In the last year, I’ve spent a lot of time on American highways, in California and New York, in Connecticut and South Carolina, on the Bluegrass Parkway and in the Poconos—researching books and articles, attending book festivals, visiting family, and just running around. Along the way I glimpsed a massacre-worthy body count of animals killed on the roads. On a research trip to Maine, from the highway my wife and I saw more dead animals than live ones. I became morbidly fascinated by them. That smudge on the road was amphibian, I would think, his cold humor drawn to the stone warmth of highway on a passionate night. Overturned, an ottoman would aim its wooden legs like this dead possum. The immigrant coyote? A wild rug flung on the carpeted ditch. And all those raccoons, their comic bandit role forgotten in these deathbed scenes.

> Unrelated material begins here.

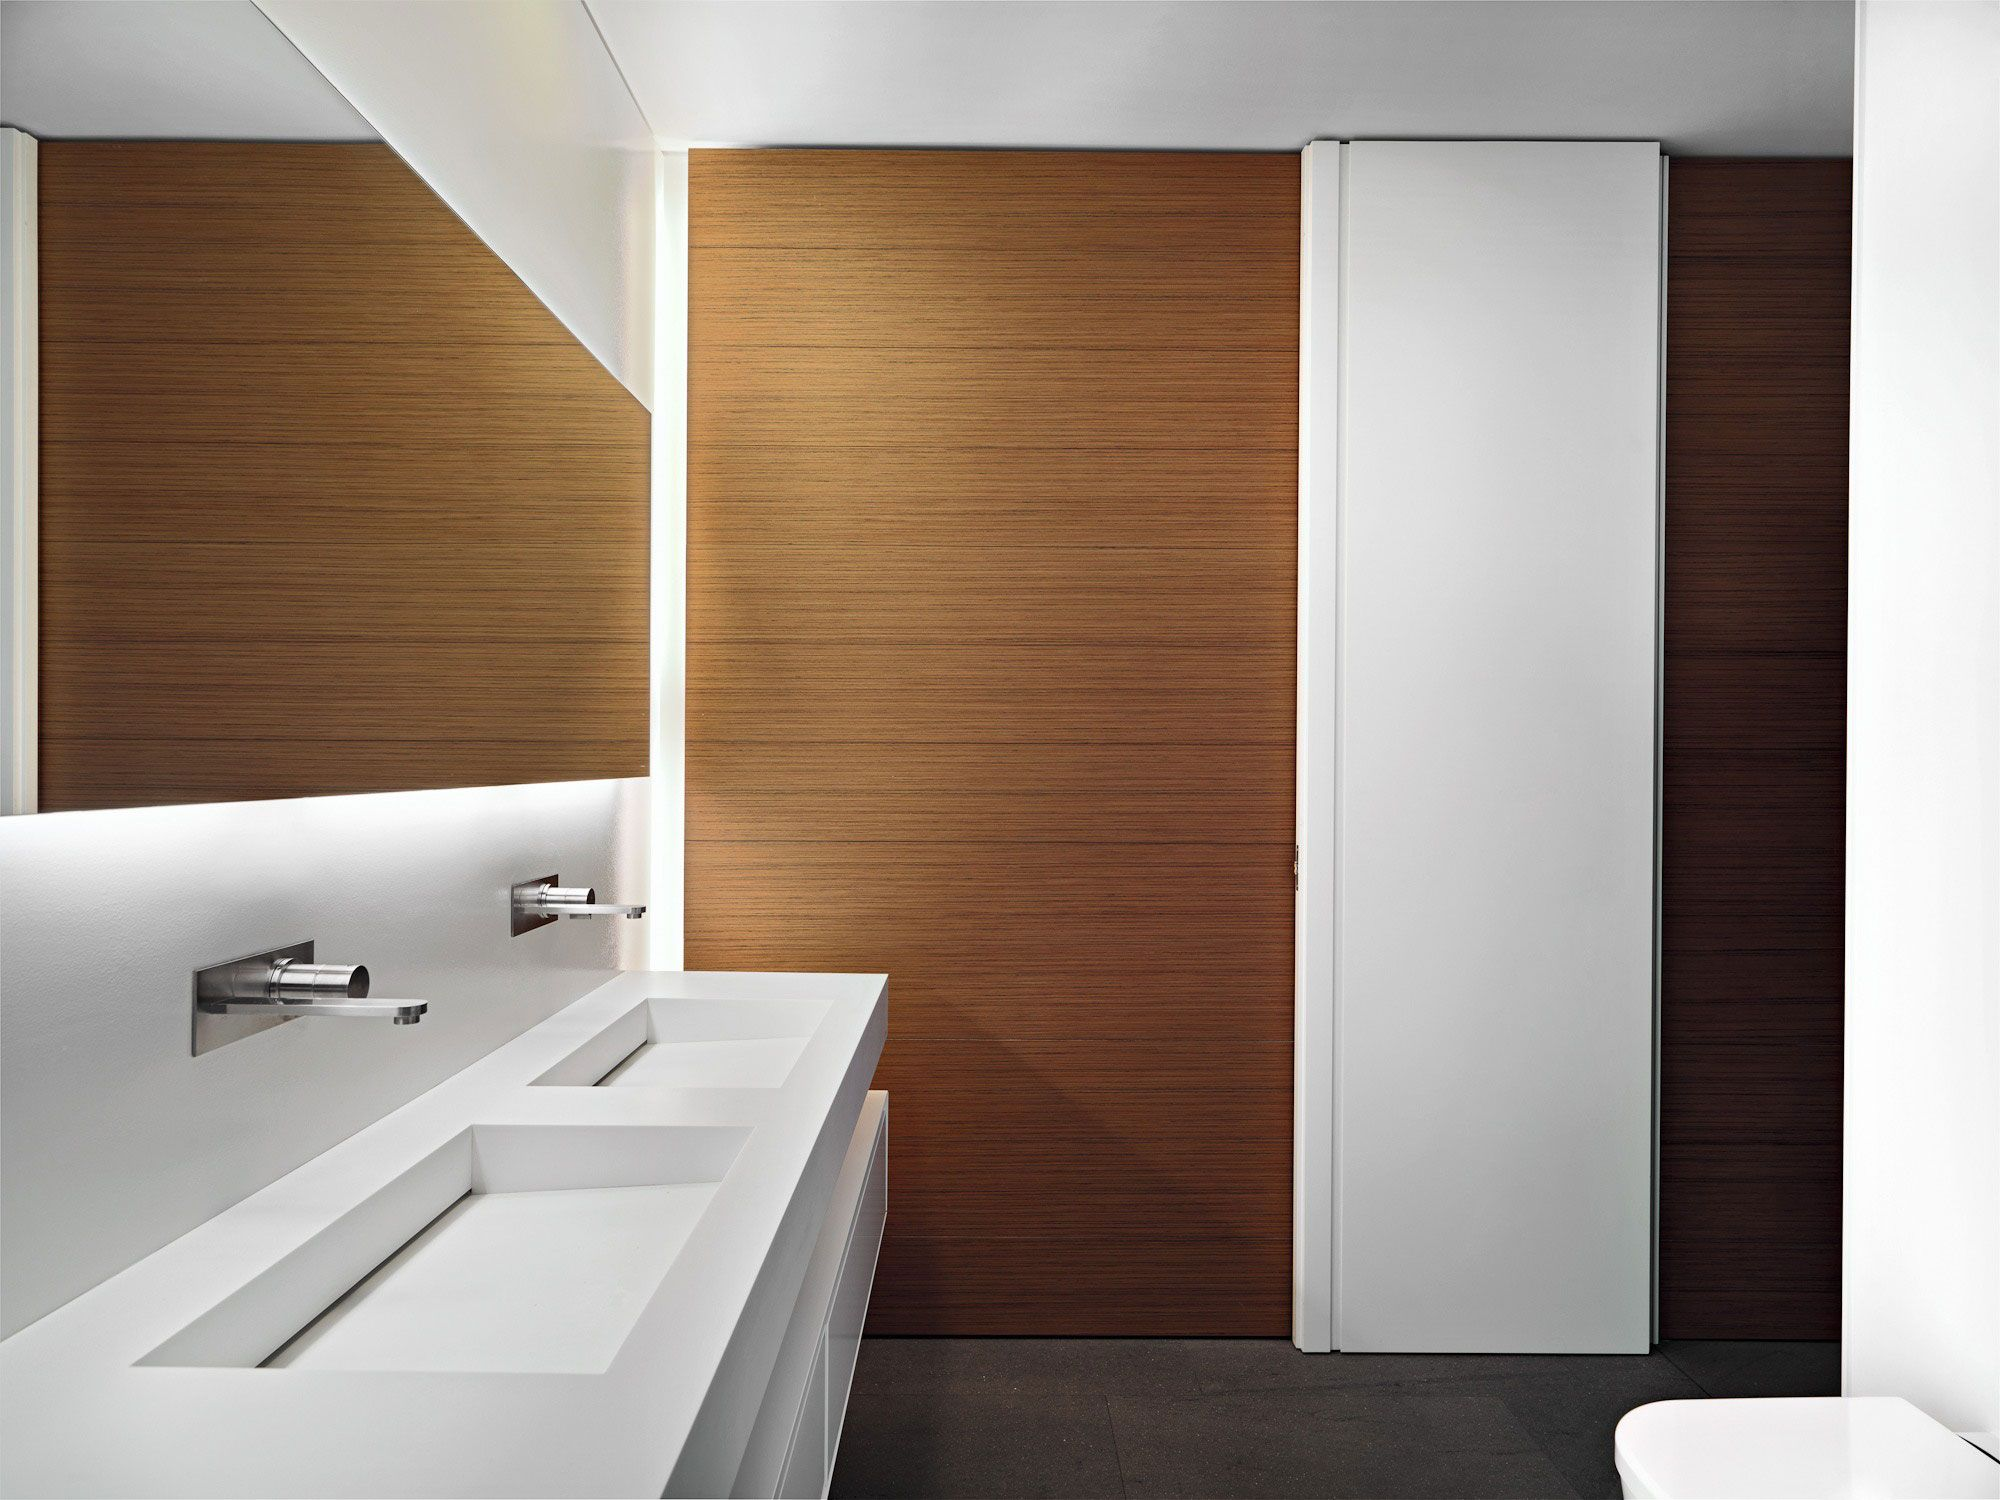 Bathroom Laminate Wall Covering Design Ideas Bathroom Interior White Bathroom Interior Bathroom Wall Panels
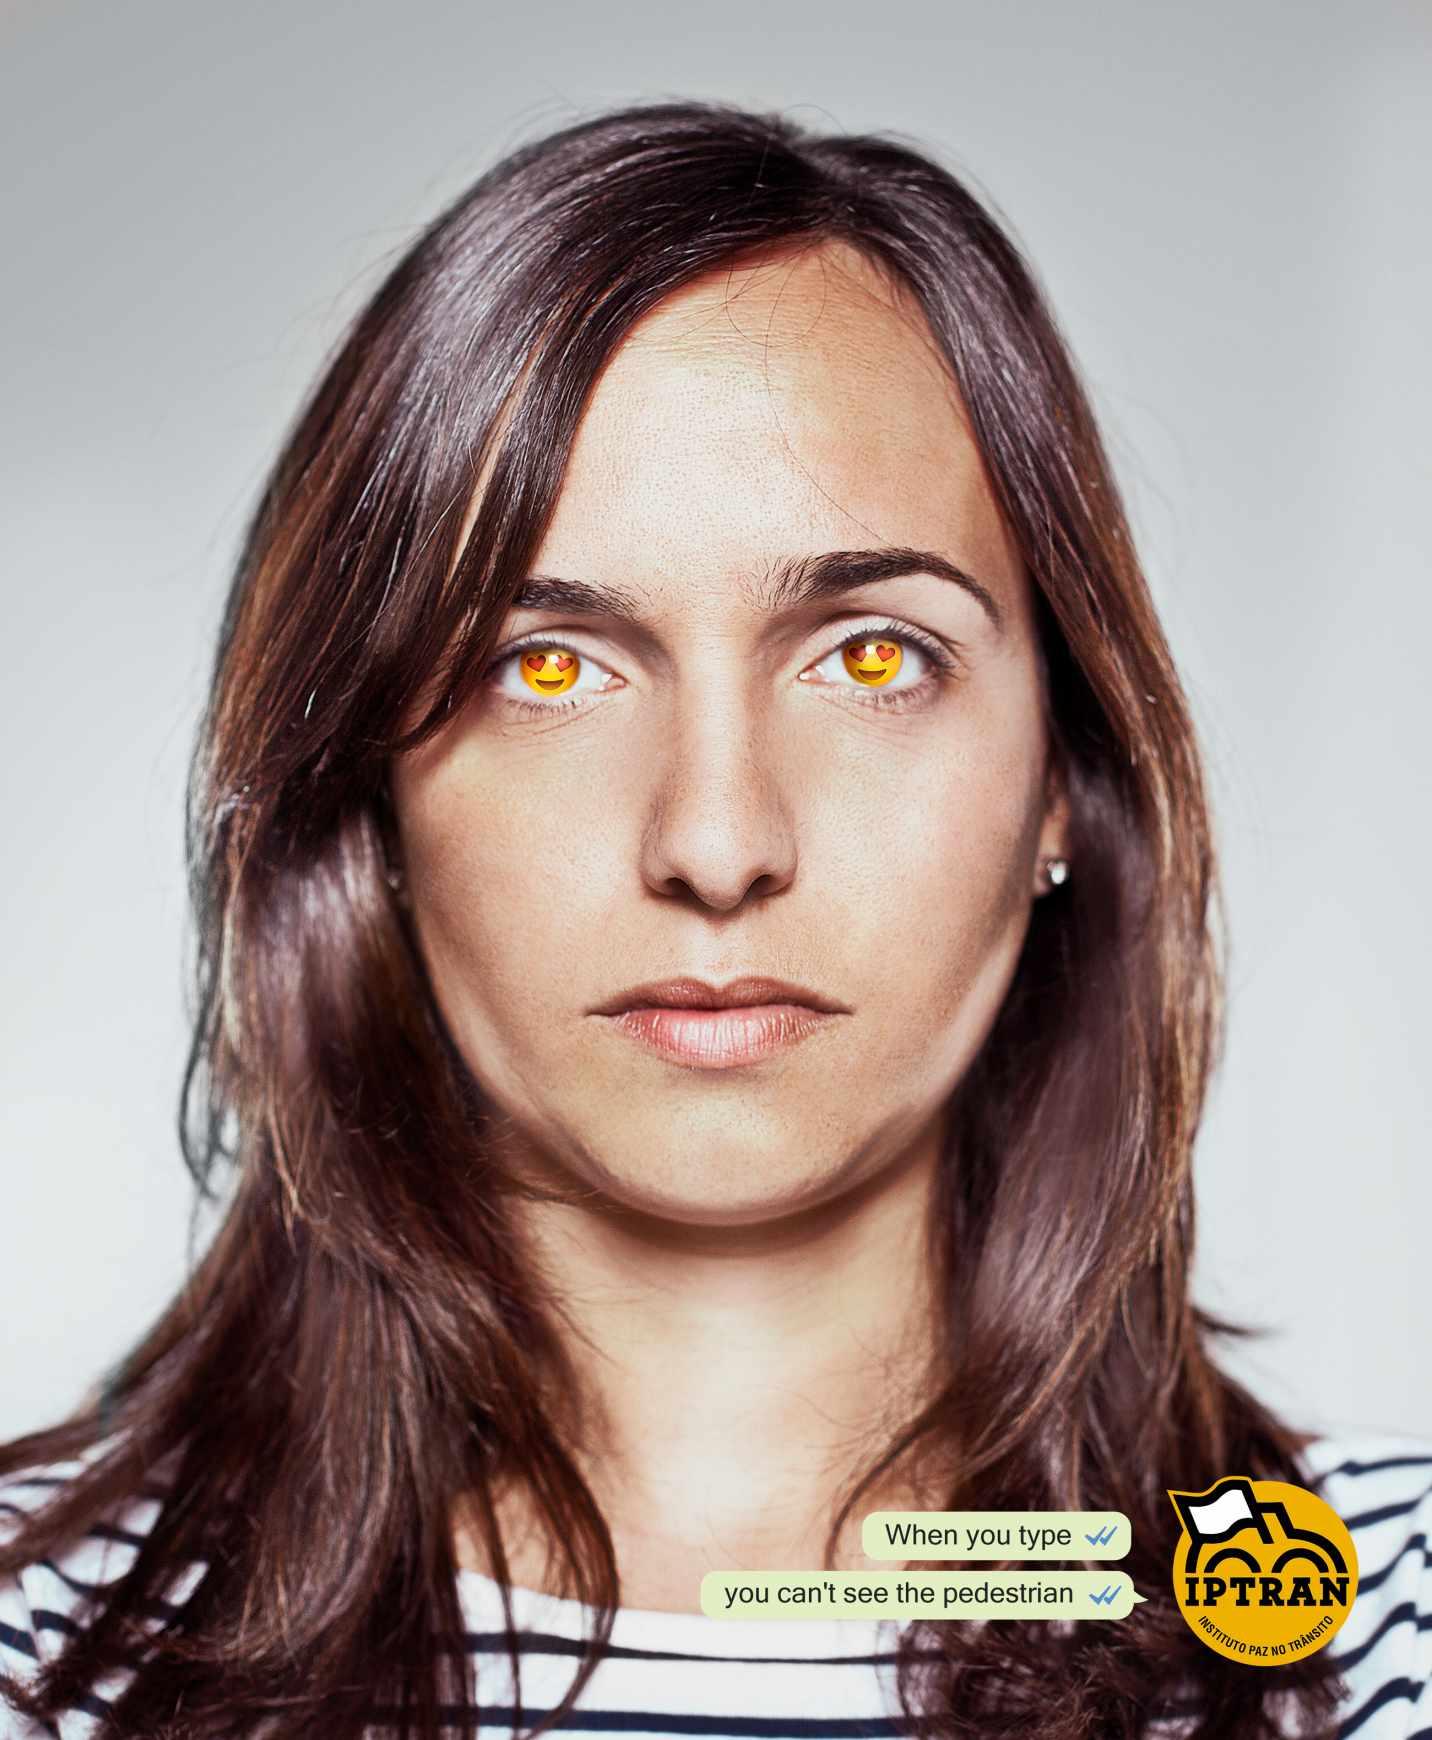 IPTRAN Print Ad - Emoji Eyes, 1

We saw carrion crows earning their name. We saw dead squirrels, woodchucks, rabbits, a chipmunk, a red fox. We saw—and smelled—both striped and spotted skunks. Occasionally there were pets on the road too, stretched cat or Lassie bulk, fur still playful in the wind. I kept remembering my drive through Mississippi earlier in the year, all the Ovid forms of topiary kudzu. On that jaunt I became so used to roadside animal shapes that even tire shrapnel drew for me the silhouette of a cockatoo.
In western New York, during the Maine trip, we saw buzzards (turkey vultures) hulking like the angel of death near a wooden cross that marked the roadside demise of a different species. It reminded me of an experience my friend Denny Adcock had on the Natchez Trace. He was bicycling alone in an area where trees grow in dense array right up to the shoulder of the road. As he rounded a curve at high speed, he interrupted the mid-road feasting of a pair of buzzards. Caught off guard by the sudden proximity of this human, the birds were eager to escape but unable to because the woods were so close and thick. Instead they had to fly alongside their two-wheeled companion for several hundred feet, rolling their eyes sideways at his disconcerting ability to keep up with them—surely the way birds in Kansas must have felt when they saw the evil neighbor who captured Toto bicycling through the air within a whirling tornado. Animals are usually so much more aware of us than we are of them; it’s fun to surprise them now and then. Loren Eiseley writes about catching crows off guard during his walk on a fogbound morning. Disoriented, apparently unaware that they were so close to the ground, the birds responded to his sudden appearance as if he had begun magically strolling their own turf in the clouds.
Ironically, so many roadside deaths inspired gallows humor. I remembered my brother’s frequent joke in the late 1970s, whenever a summer insect smashed into his green Nova’s windshield: “He won’t have the guts to do that again.” Then suddenly humor was forgotten. On the interstate near where New York and Pennsylvania meet, a state trooper passed us with lights flashing and siren screaming. Soon we rounded a bend to see ahead his silver patrol car parked sideways in the highway, its lights still flashing red and blue as it blocked both lanes. We slowed. Beyond the blocking car, a dark bulk sprawled in the road. Had something fallen off a truck? No, this limp mound had recently been alive. Not a human being, though. A deer? Too dark, too round. “A bear!” Laura exclaimed.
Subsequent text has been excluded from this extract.